The whole listing that follows is to be restated word for word, images excluded.

Data:
★ ★ ★
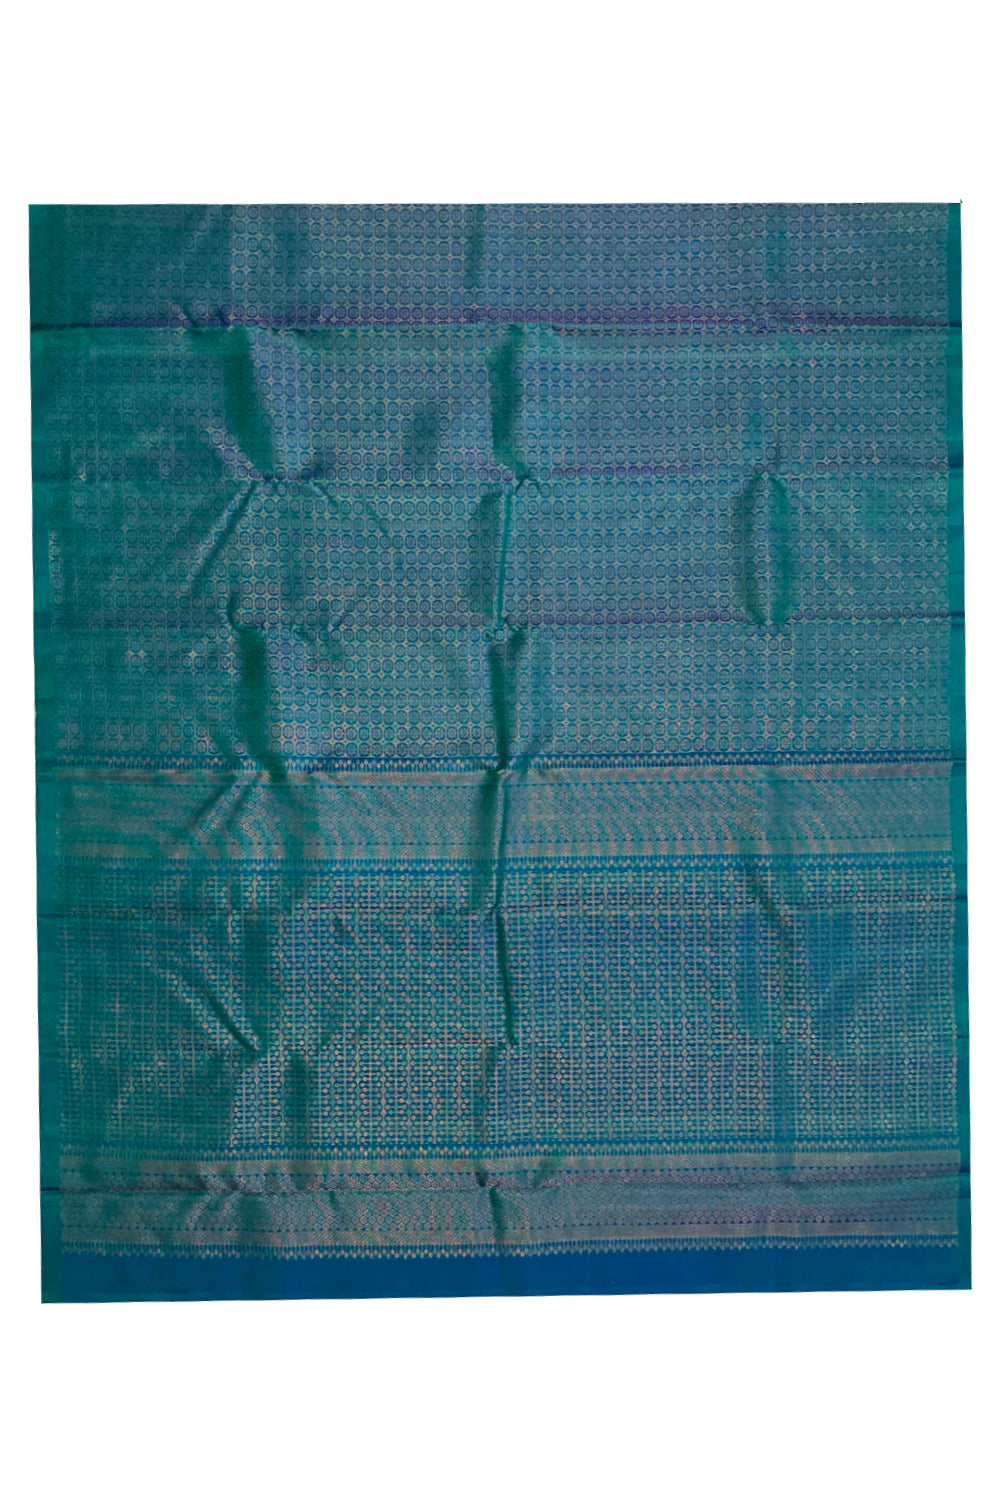 Southloom Handloom Pure Silk Manthrakodi Kanchipuram Saree in Single Teal Blue Colour and Silver Zari Motifs
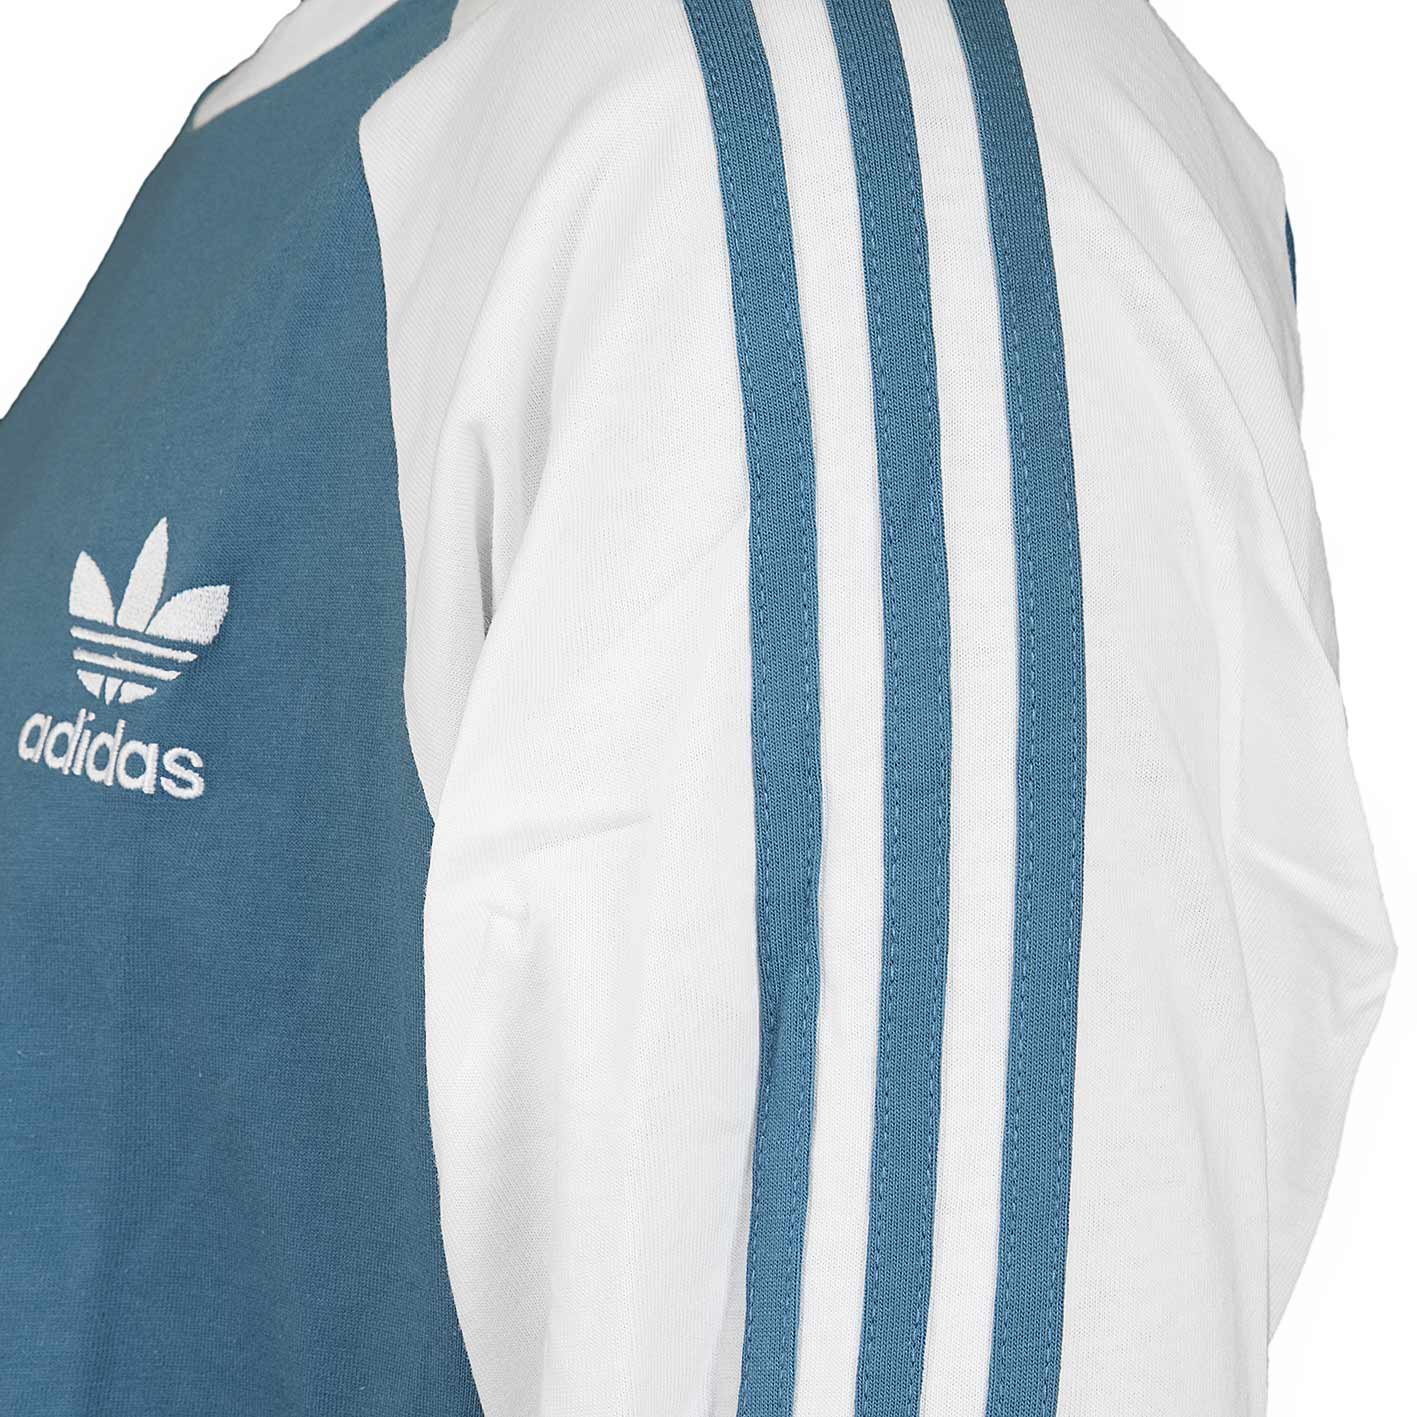 ☆ Adidas Originals Longsleeve 3-Stripes blau - hier bestellen!
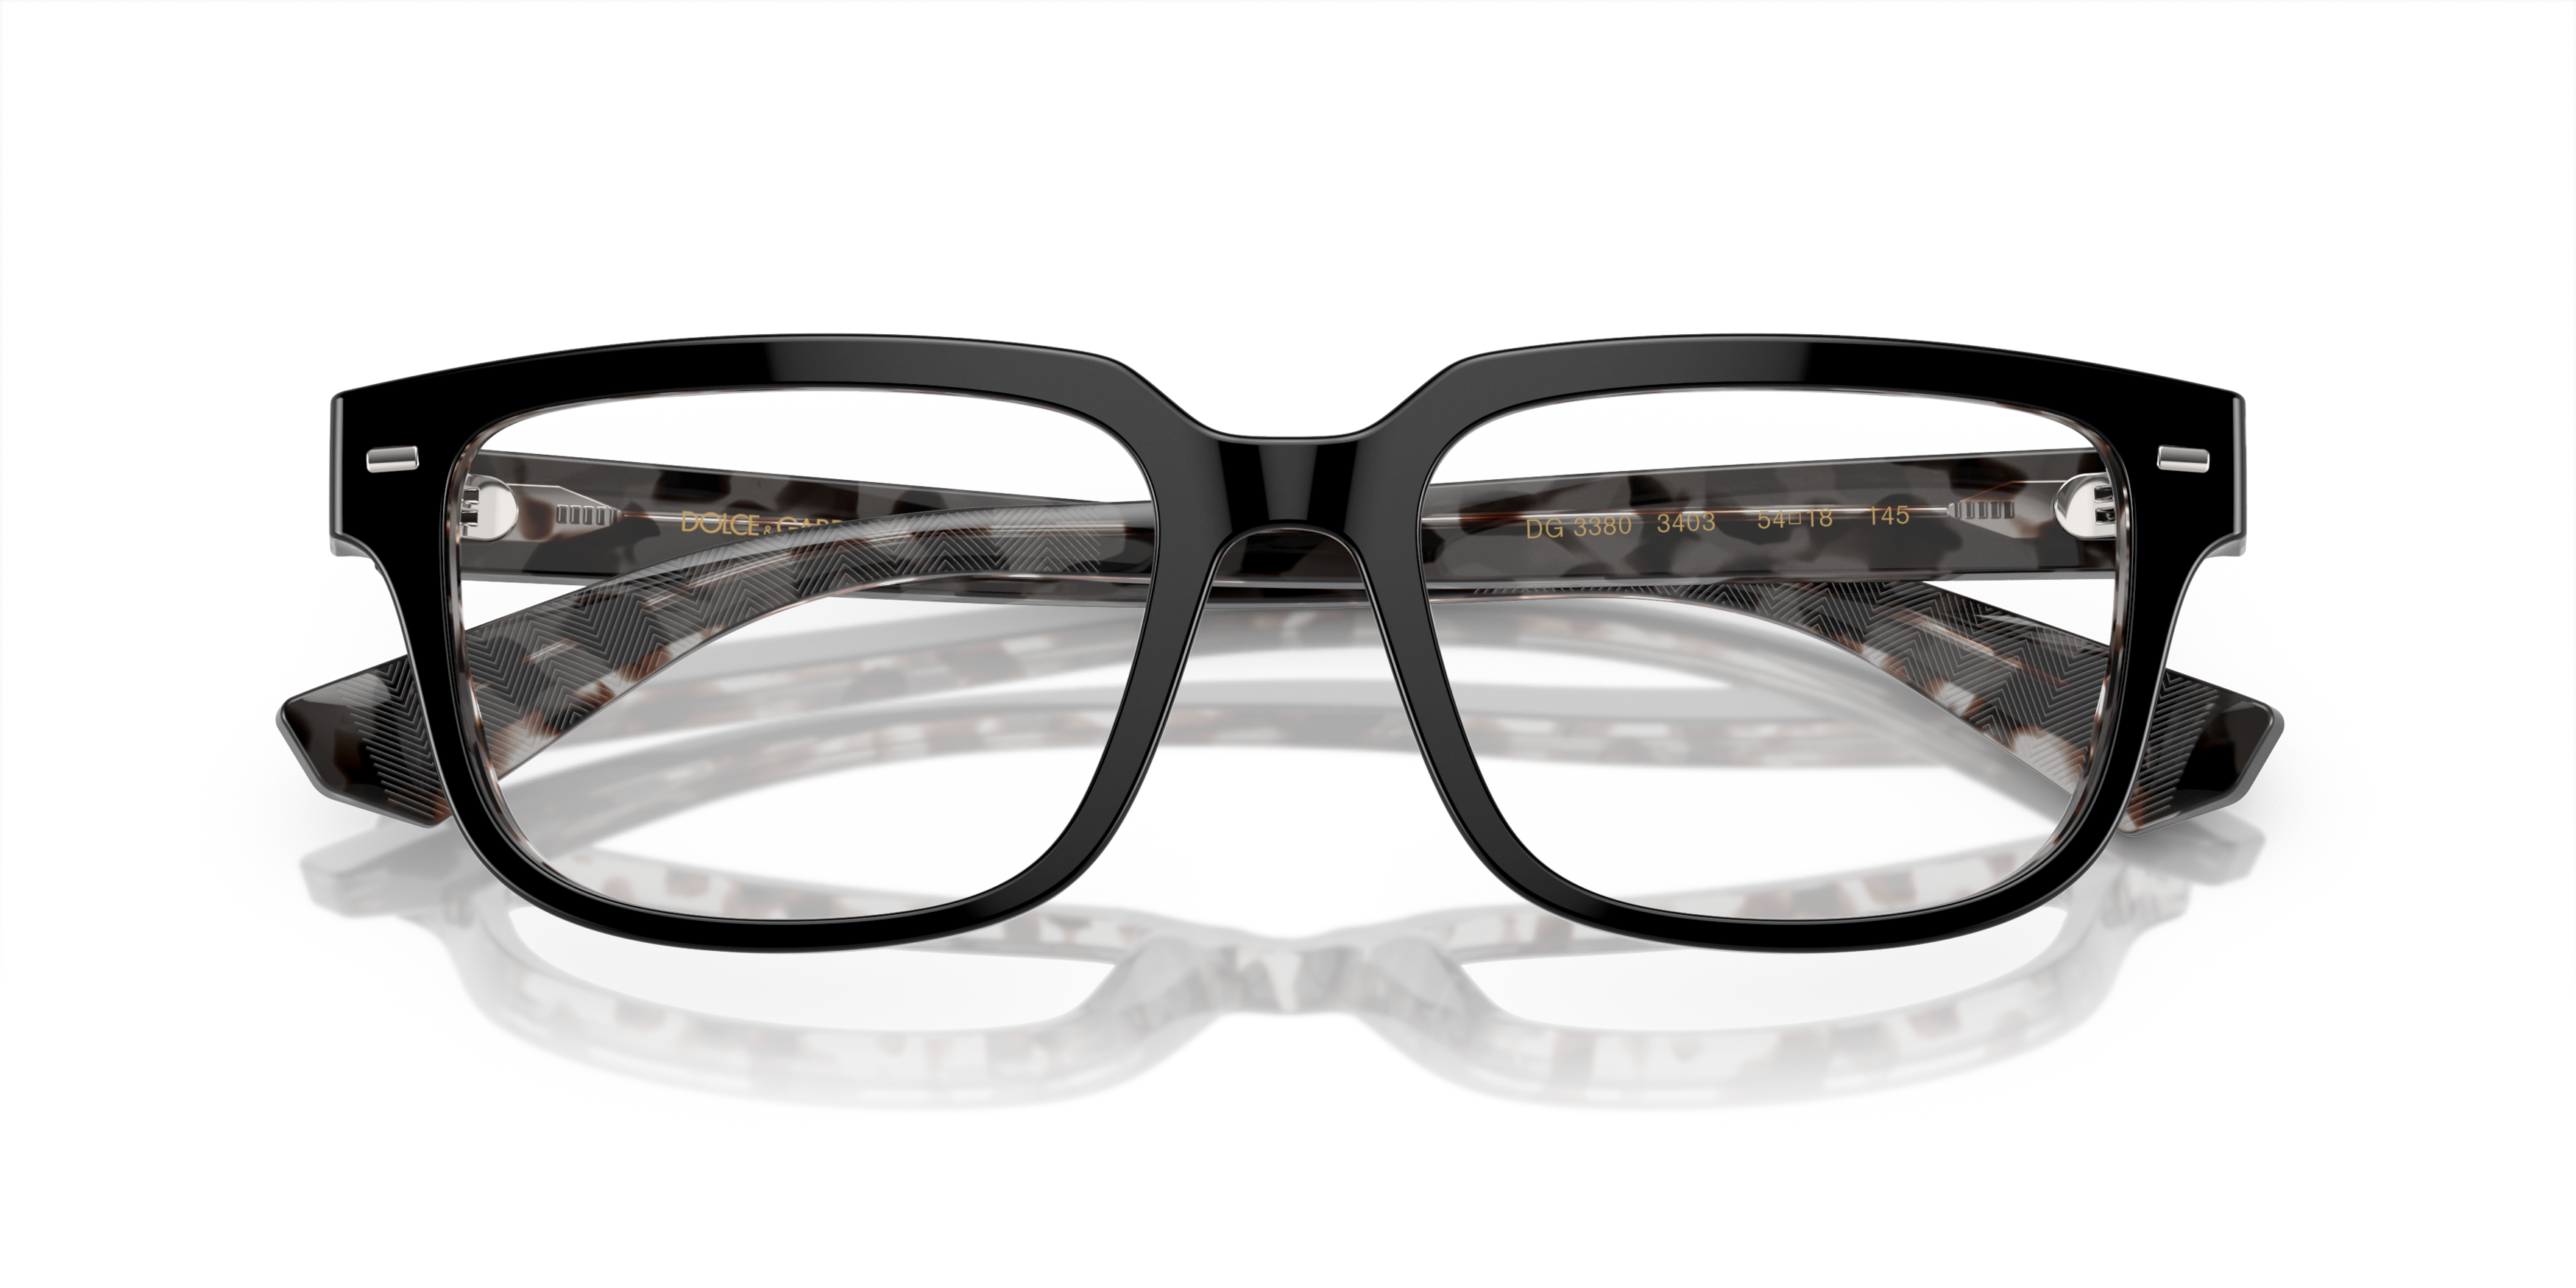 Folded Dolce & Gabbana DG 3380 Glasses Transparent / Black
★ ★ ★
Problem solution:
 Southloom Handloom Pure Silk Manthrakodi Kanchipuram Saree in Single Teal Blue Colour and Silver Zari Motifs
 ☆ Adidas Originals Longsleeve 3-Stripes blau - hier bestellen!
 Folded Dolce & Gabbana DG 3380 Glasses Transparent / Black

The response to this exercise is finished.